Monday, October 20, 2003

Breaking "News"

Yesterday's Inquirer had a lengthy and well publicized story in the Arts & Entertainment section about the pathetic state of local television news. Perpetually cranky TV critic Jonathan Storm watched the 11 p.m. newscasts of the CBS, ABC, and NBC affiliates for a full week and concluded, "The shows on Channels 3, 6, and 10 featured platoons of earnest people trying to spread what seemed like a heartfelt belief that viewers couldn't live without their important information. But most of it was worthless: rapid-fire conjecture, self-promotion, celebrity intrigue, and provincial tales of mayhem and tragedy in the daily lives of ordinary people. Only an optimist or a fool watches local news for information on anything but the weather anymore."

To which the entire Inquirer Sunday circulation responded: Well, duh.

Storm may think it's noble to tell us that local TV news is a wasteland of relevant information, but that horse left the barn long ago. Eyewitness News, Action News, News 10 at 11, The Ten O'Clock News, WB17 News at Ten -- call it what you will, just don't call it "news." It's entertainment, really, Access Hollywood wrapped, and not very well at that, in the guise of journalism.

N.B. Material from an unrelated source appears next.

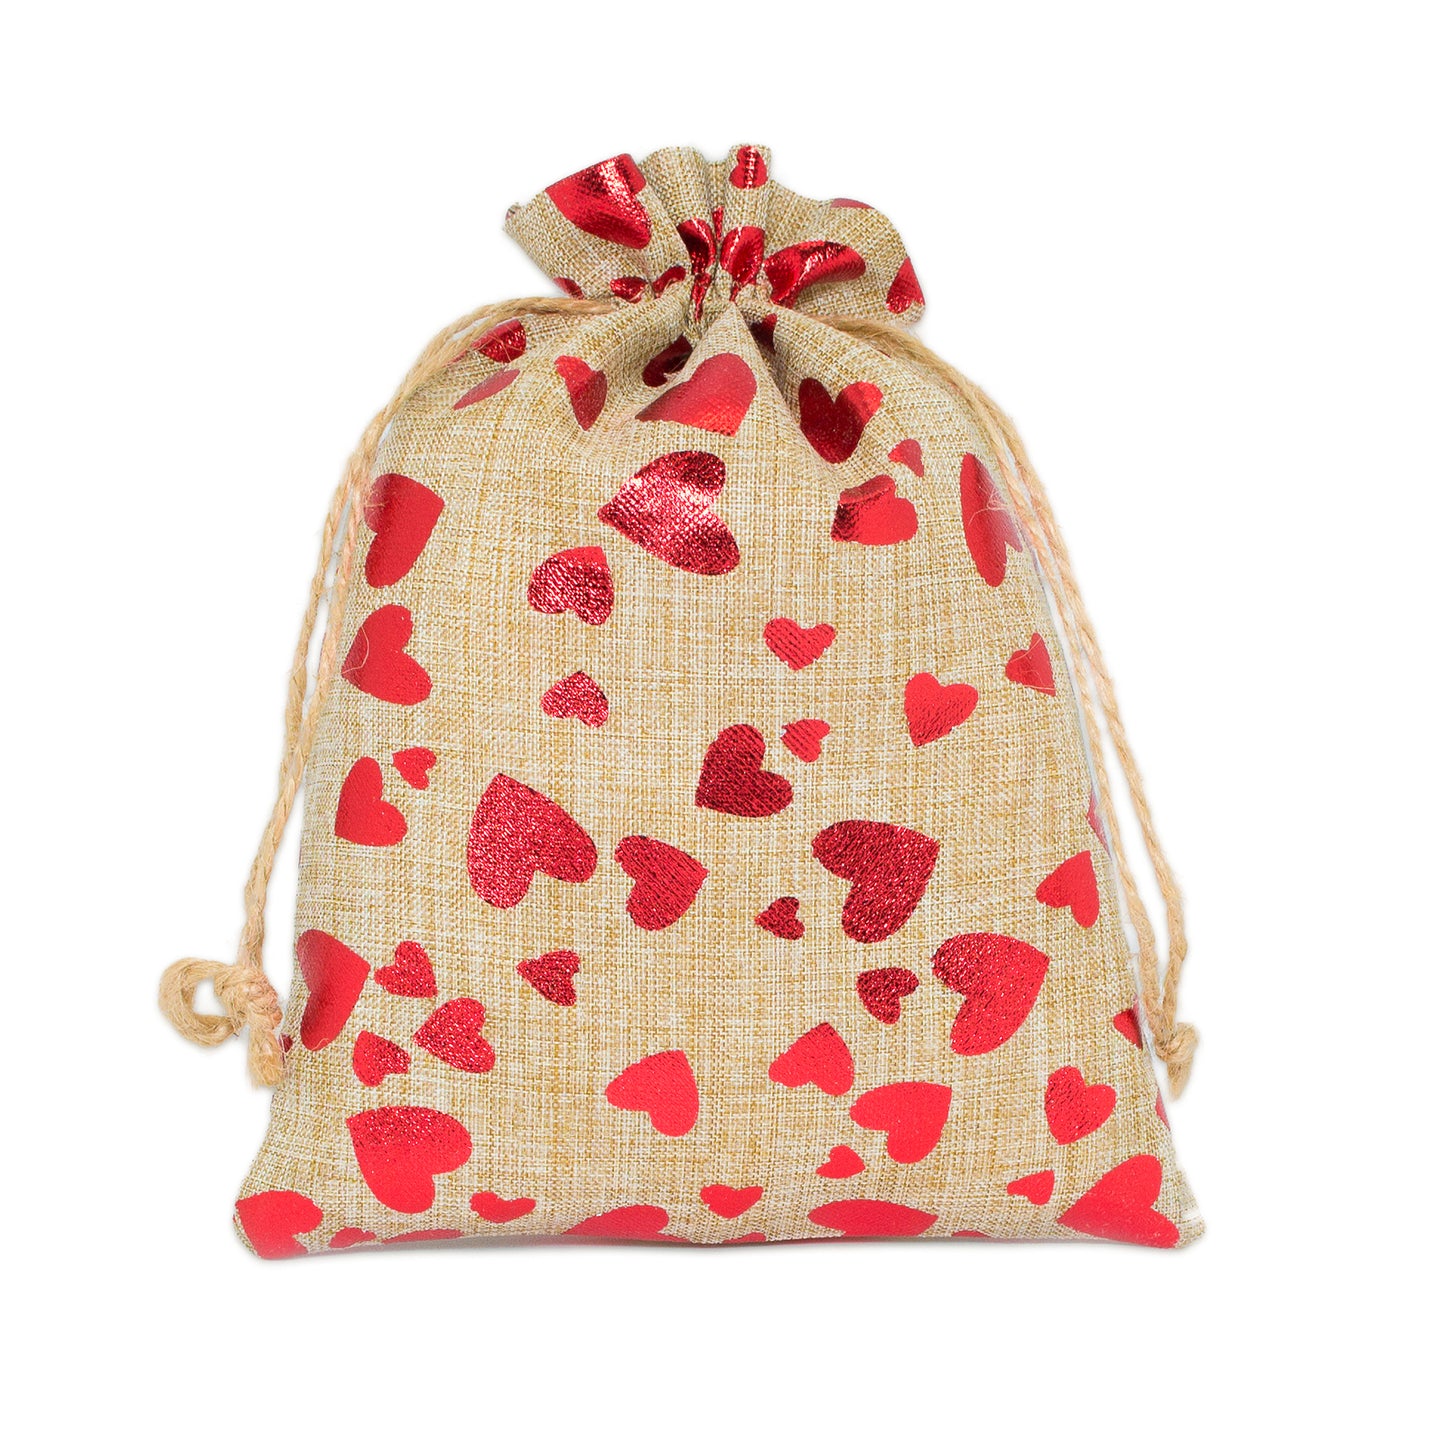 12" x 16" Jute Burlap Red Heart Drawstring Gift Bags

Frankly, Storm's story was neither shocking nor news. Moreover, it's not even useful -- he didn't interview one news director to get his reaction, nor did he offer any suggestions for improvement. Meanwhile, the medium, once parodied so brilliantly by The Simpsons, has regressed so much that even Kent Brockman can't keep up -- or down. I'd revel in the public trashing, except that it won't make one bit of difference. Storm knows it, every "news" director in town knows it, and station management sure as hell knows it.

The Inquirer has done a nice job under new editor Amanda Bennett of bringing back intelligence and passion to local news coverage, but reading the newspaper takes more effort than watching television. Channel 6's Jim Gardner continues to be seen as a news authority, Channel 10 continues to offer up nice-looking guys with good voices, good suits, good hair, and empty heads, and Channel 3 continues to insist that its smoking-hot new anchor Alycia Lane was tapped for her journalism skills only, and people keep tuning in. The old saying should be changed -- no news is, well, no news.